Wednesday, January 19, 2011

Coming of age

GALILEE DIARY
Coming of age
by Marc J. Rosenstein
Discuss on Our BlogHow can a young man keep his way pure? By holding to Your word. I have turned to You with all my heart; do not let me stray from your commandments.
-Psalm 119:9-10
Recently a new Reform rabbi in a nearby town asked me if he could put up a poster at Shorashim advertising his congregation's bar/bat mitzvah program. Most Reform congregations in Israel function primarily on Friday night, and hold Shabbat morning services only when there is a bar/bat mitzvah. The bar/bat mitzvah families are often not long-time members; indeed, providing this service when people need it is a marketing tool for the synagogue. Some families, of course, come and go, but others end up staying involved. (Remember, synagogues in Israel have no religious school, as the public school provides most of the elements of Jewish education; thus, synagogues have no lever of requiring children to attend their school for a set number of years in order to qualify for bar/bat mitzvah). Thus, in many cases, the congregation at the bar/mitzvah service consists entirely of the invited guests. I asked him why he thought Shorashim members would be interested, and he suggested they might be looking for something "more meaningful." I told him we had no objection in principle, but that he shouldn't get his hopes up.

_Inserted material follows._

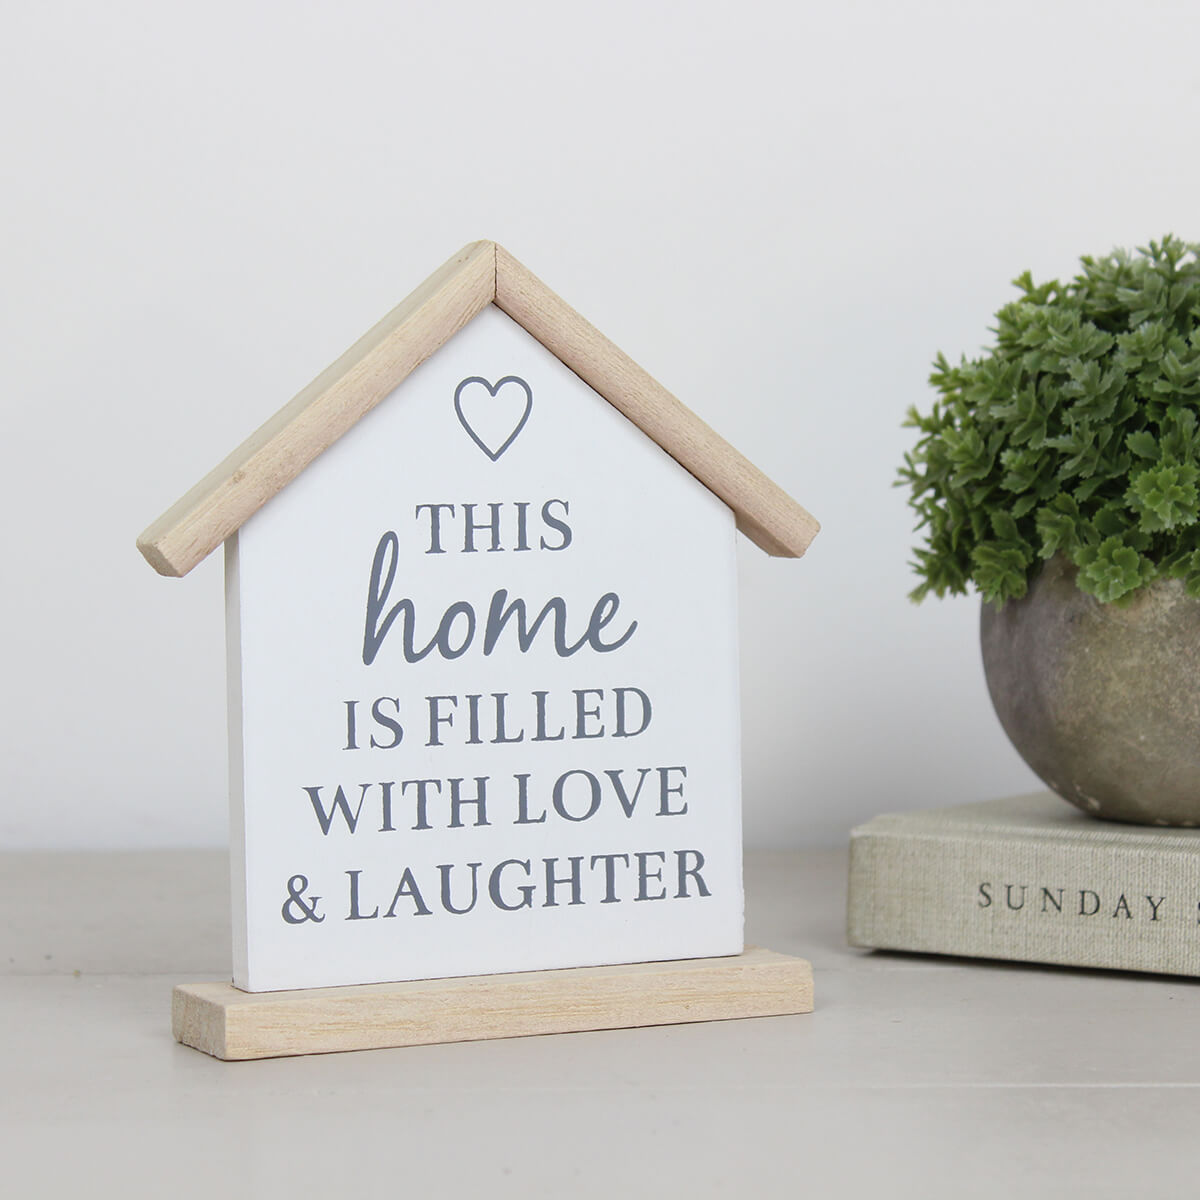 House Shaped Home Signs

We do maybe a half-dozen "outside" bar/bat mitzvah services at Shorashim in a year, where a family from a nearby community without a synagogue (or without an egalitarian synagogue) asks to celebrate in the context of our Shabbat service. These are modest events: the child generally gives a "dvar Torah" on the Torah portion, reads part of the Torah reading, and chants the Haftarah. The family sponsors a modest Kiddush, and then goes off to its own celebration.

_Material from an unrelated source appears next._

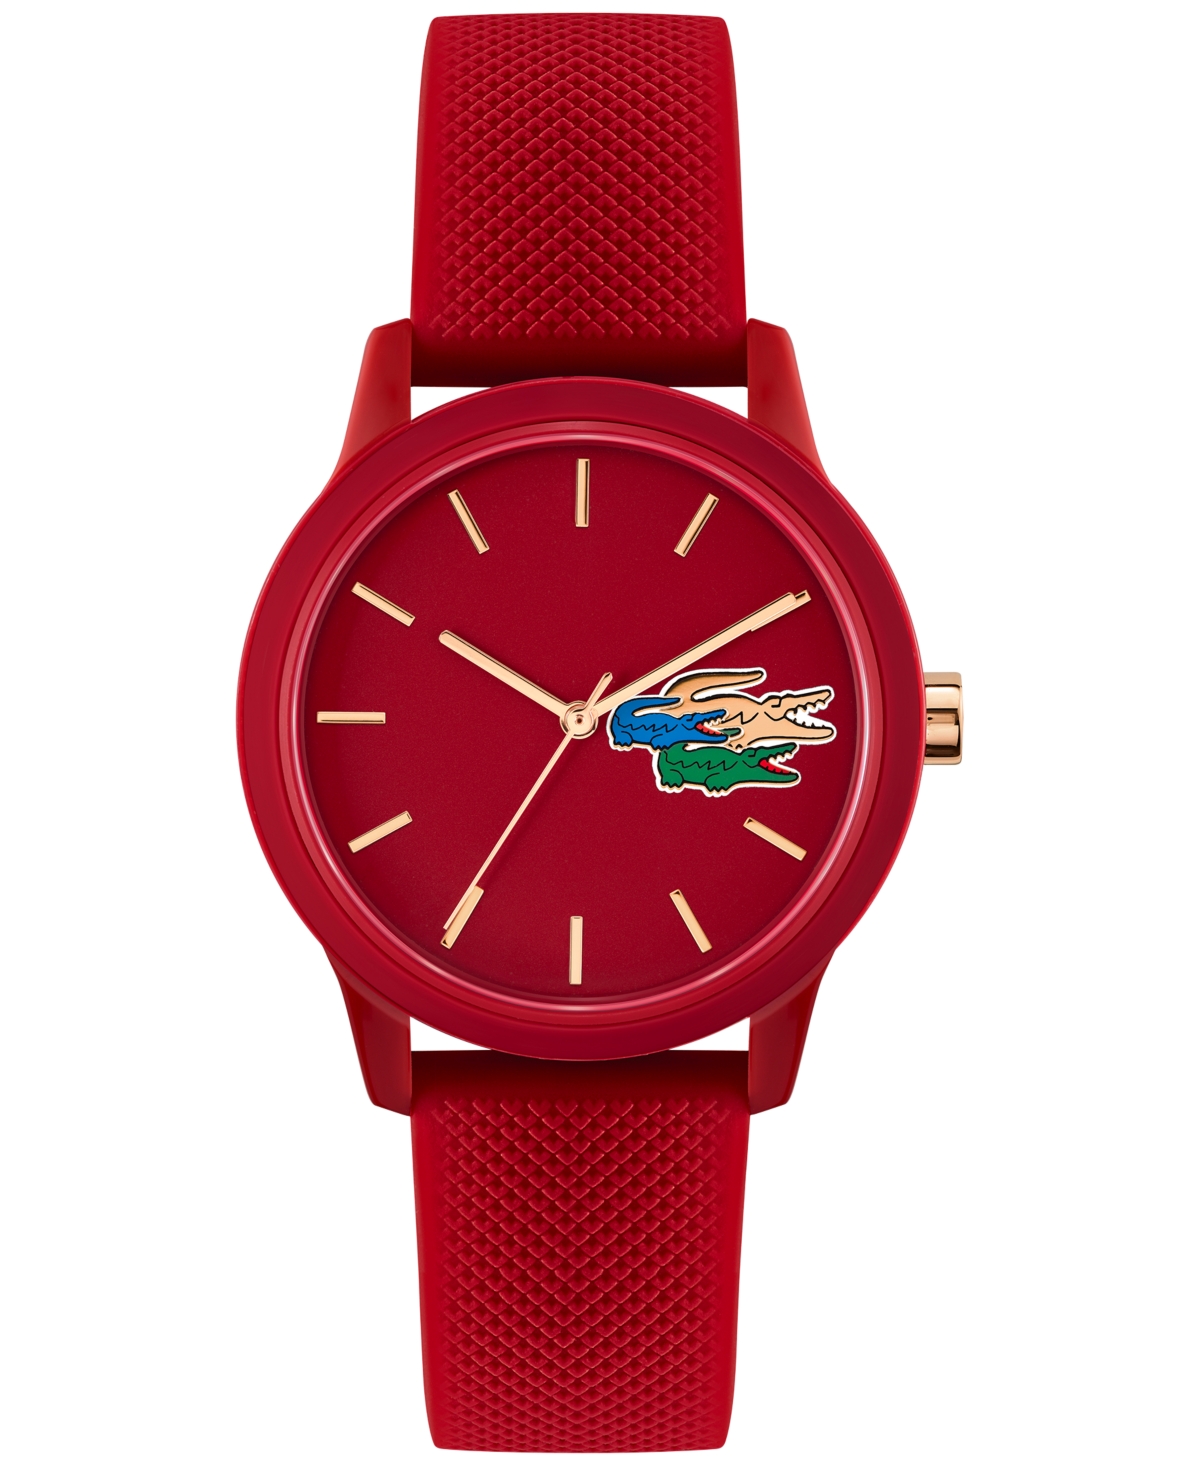 Unisex Lacoste L.12.12 Red Silicone Strap Watch 36mm - Red

For Shorashim kids the event is of a different magnitude. The child prepares and participates (dvar Torah, Torah reading, Haftarah), and often other family members lead part of the service or read from the Torah. After the closing song, all the little kids who had been playing outside come sit on the floor in front, and a member of the community chosen by the family emcees "the program," which varies from event to event, but contains certain constant elements: The Shorashim Choir (whose membership is somewhat fluid, and which only performs at bar/bat mitzvahs) sings a medley of songs that have been modified to include references to the celebrant's biography and interests; all the age-mates of the bar/bat mitzvah kid perform a skit (coached by one of the parents) making affectionate fun of the celebrant's quirks and interests; usually the siblings do a similar presentation; the parents, and sometimes a grandparent or other relative, speak to and of the celebrant; in conclusion, the last child to celebrate a bar/bat mitzvah in the community comes forward to present the "bar/bat mitzvah scroll" to the fresh celebrant, who will sign it and keep it until s/he has to pass it on. After thirty years, this scroll of fake parchment has gotten pretty weighty. In most cases, we then adjourn to the patio and/or the social hall for a kiddush lunch, which begins with the celebrant blessing the challah that s/he baked as part of the preparation for the day under the supervision of a community member. The meal is organized, set up and cleaned up by members, though now that 150 people is a typical attendance, the main course is usually catered, with salads and desserts contributed by the members. Invited guests are generally in the minority.
The liturgy is pretty standard – no creative prayers. And unfortunately, two customs have waned over the years: the expectation that the child do a project to benefit the community, and an elaborate annual musical comedy involving all the moshav children, starring the year's bar/bat mitzvah class. But if the bar/bat mitzvah observance is supposed to be about initiation and welcoming of the maturing individual into the community, about celebrating the move from childhood to adulthood, I think our custom is pretty "meaningful." The question is whether we'll be able to sustain it as the community continues to grow.